One of the things needed most is more compassion towards those with drug or alcohol addiction. Most of these people have a history of trauma, whether physical or emotional, that has yet to be treated. The drugs or alcohol may be the only thing that keeps them able to live with such pain. Therefore, many of them do not mind the thought of dying of an overdose or of their addiction because this may be preferable to living without the thing that just must numb them out enough to live without being in a state of complete anxiety, agitation or pain.
Sure, they could seek out a psychiatrist or receive psych meds through their primary care providers but those drugs may not be enough, might have too many side effects or those in need may not have access to healthcare or mental healthcare. Even under the care of a psychiatrist, it can take a while to find the right combination of drugs that will work for someone's physiological make-up. Even if it does work, it may not be long before they are triggered by past trauma and/or relapse for whatever reason. According to biographer Charles Cross, Kurt Cobain attended 12 step meetings, spent at least 5 separate stints in rehab centers and private doctor clinics in order to try to come to grips with his Heroin addiction.
Our judgment on drug abusers is a worldwide problem. In his article Why "Crazy Like a Fox" Versus "Crazy Like a Crazy" Really Matters, Michael Tansey writes that President Trump has "congratulated President Rodrigo Duterte of the Philippines for dealing with his country's drug problem in the "right way" with the vigilante slaughter of nearly ten thousand people merely suspected of using or dealing drugs."

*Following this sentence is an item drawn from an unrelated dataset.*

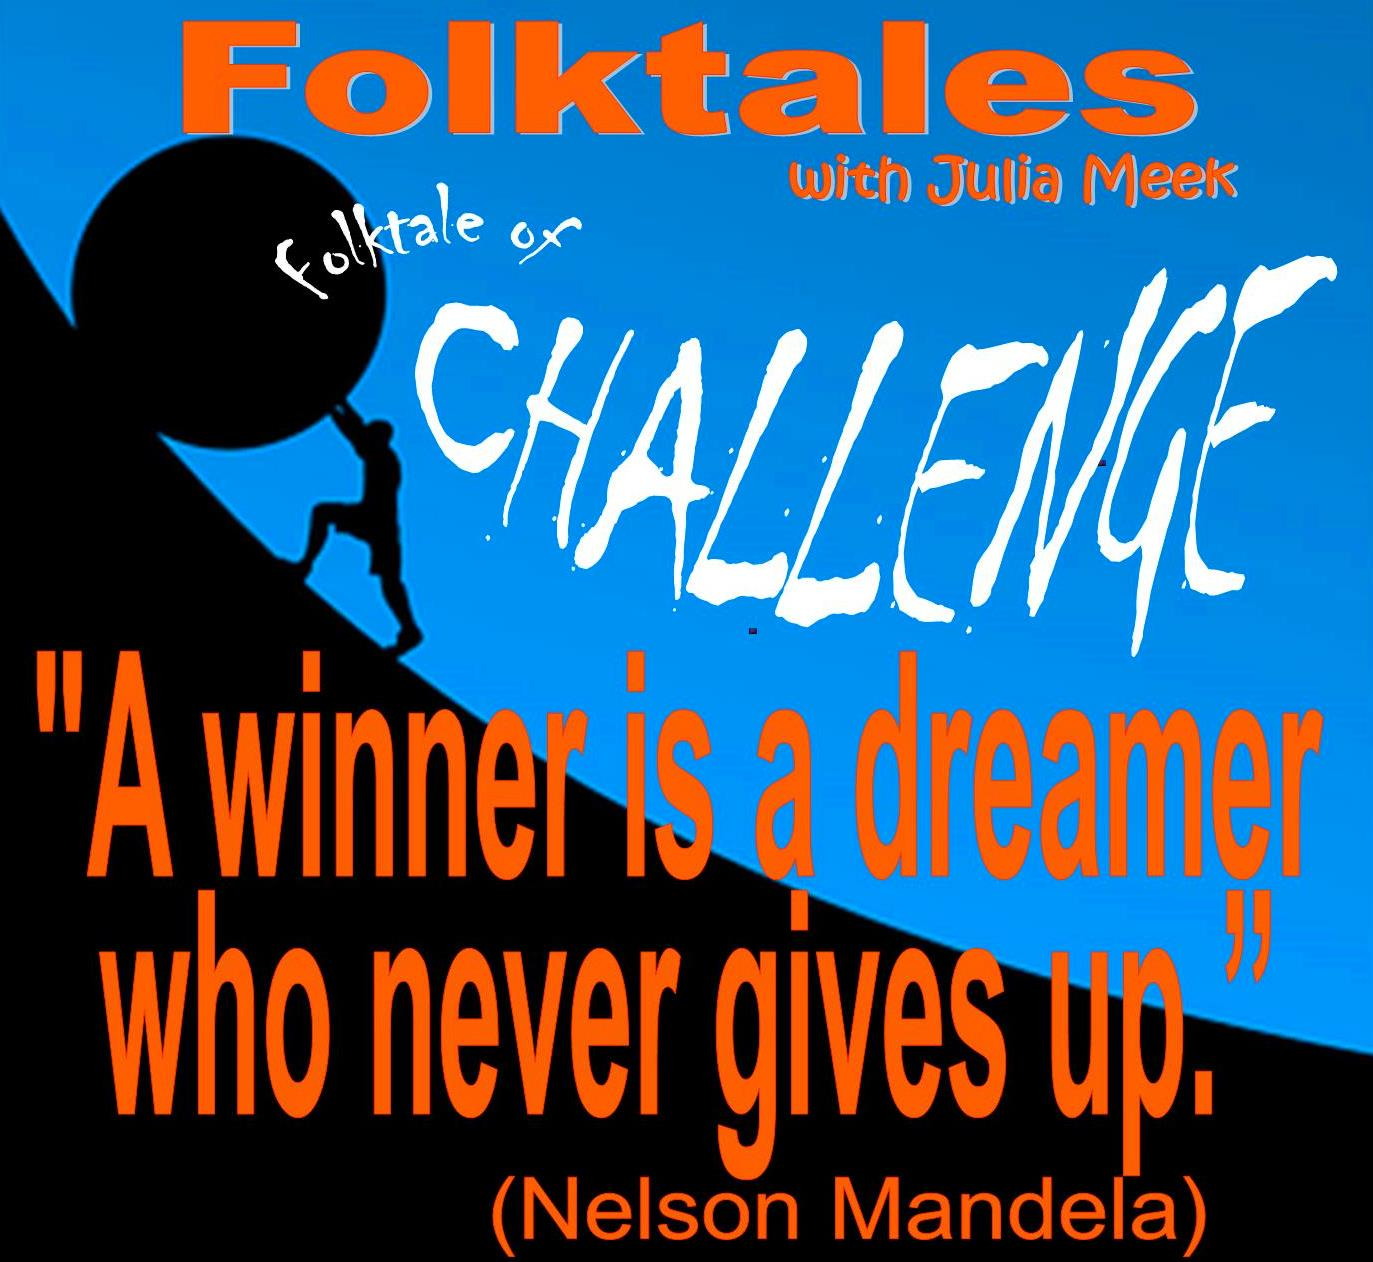 Caption: WBOI's Folktale of Challenge, Credit: Julia Meek
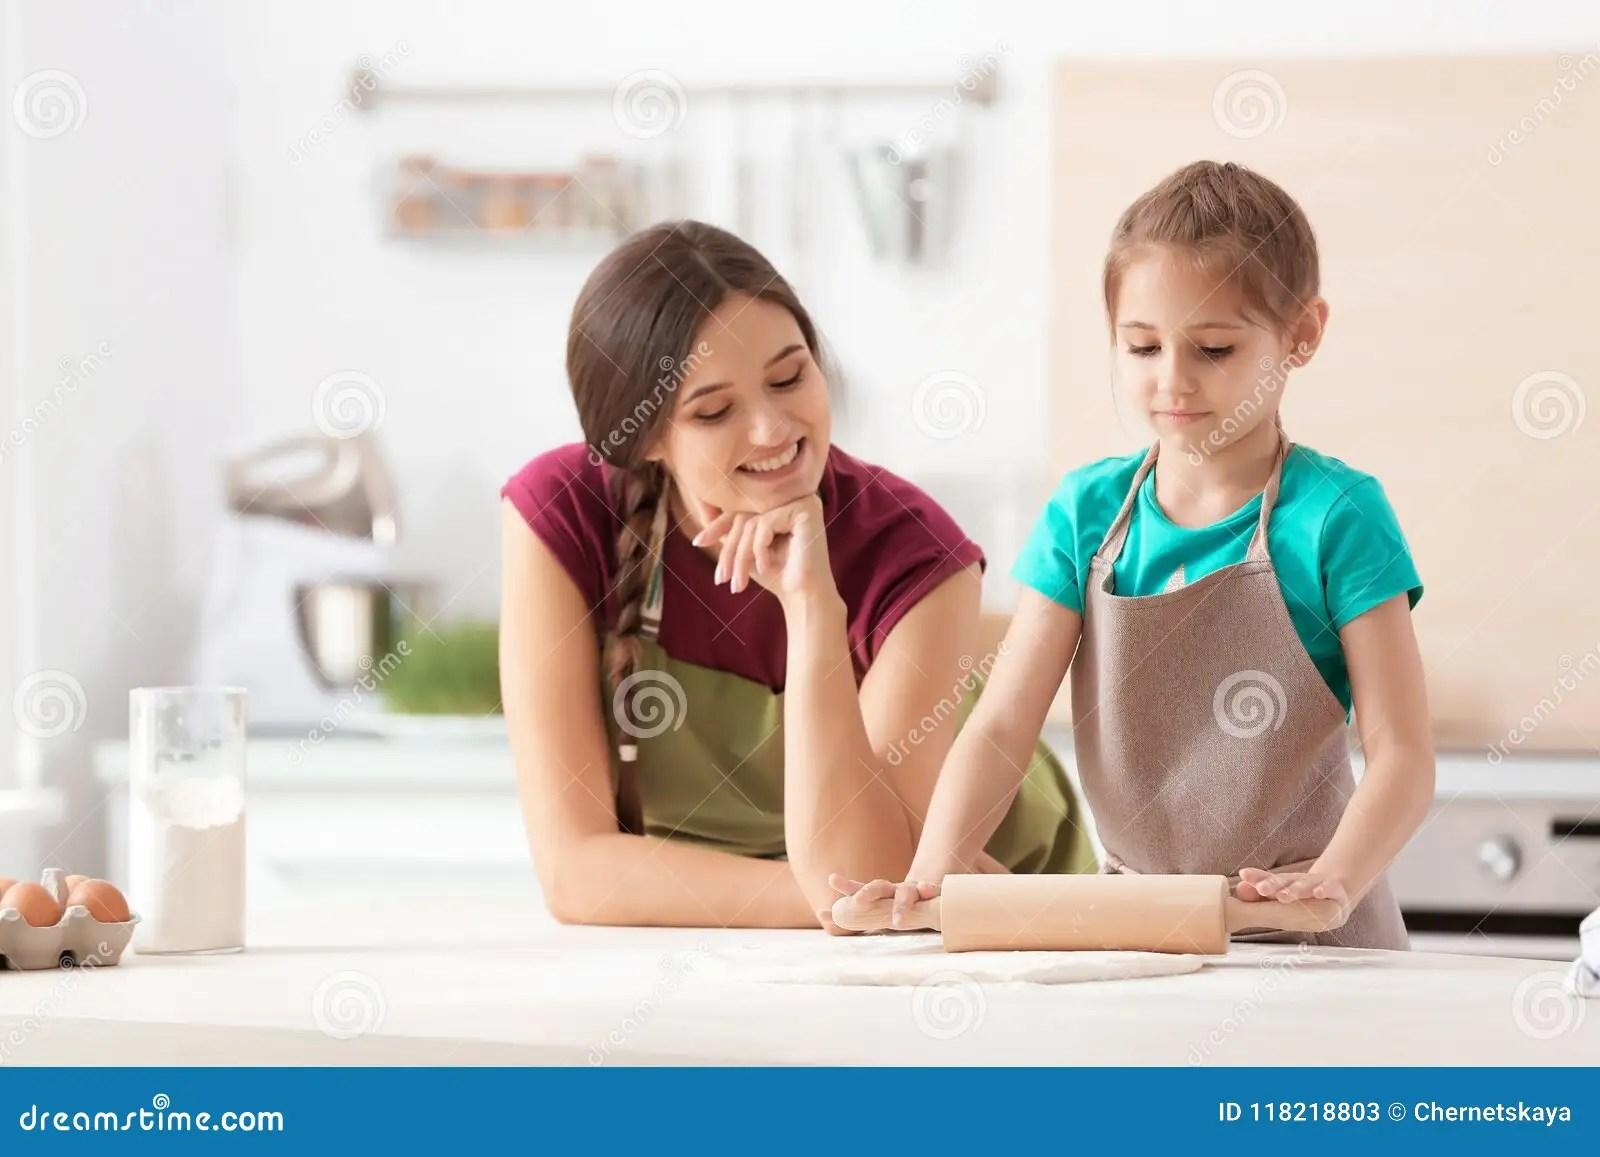 kitchen prep table design my 在厨房里照顾和她的准备面团的女儿在桌上库存图片 图片包括有厨房 乐趣 在厨房里照顾和她准备面团的逗人喜爱的女儿在桌上

Why do we feel the need to judge people? True, it can be frustrating to be the loved one of a user who has lied to you, stolen from you, manipulated you or betrayed you. But we are all learning something from others in our journey in this life whether the lesson be self-love, boundaries, self-care or compassion. What does judging help? Nothing. What we judge in others we are judging about ourselves. And if we cannot overcome our judgment of others, we will be led to do so by circumstance entering our lives in the form of teachers who may be thrust upon us if we insist on holding fast to our judgments. May we open our hands to release the judgment on ourselves and on others.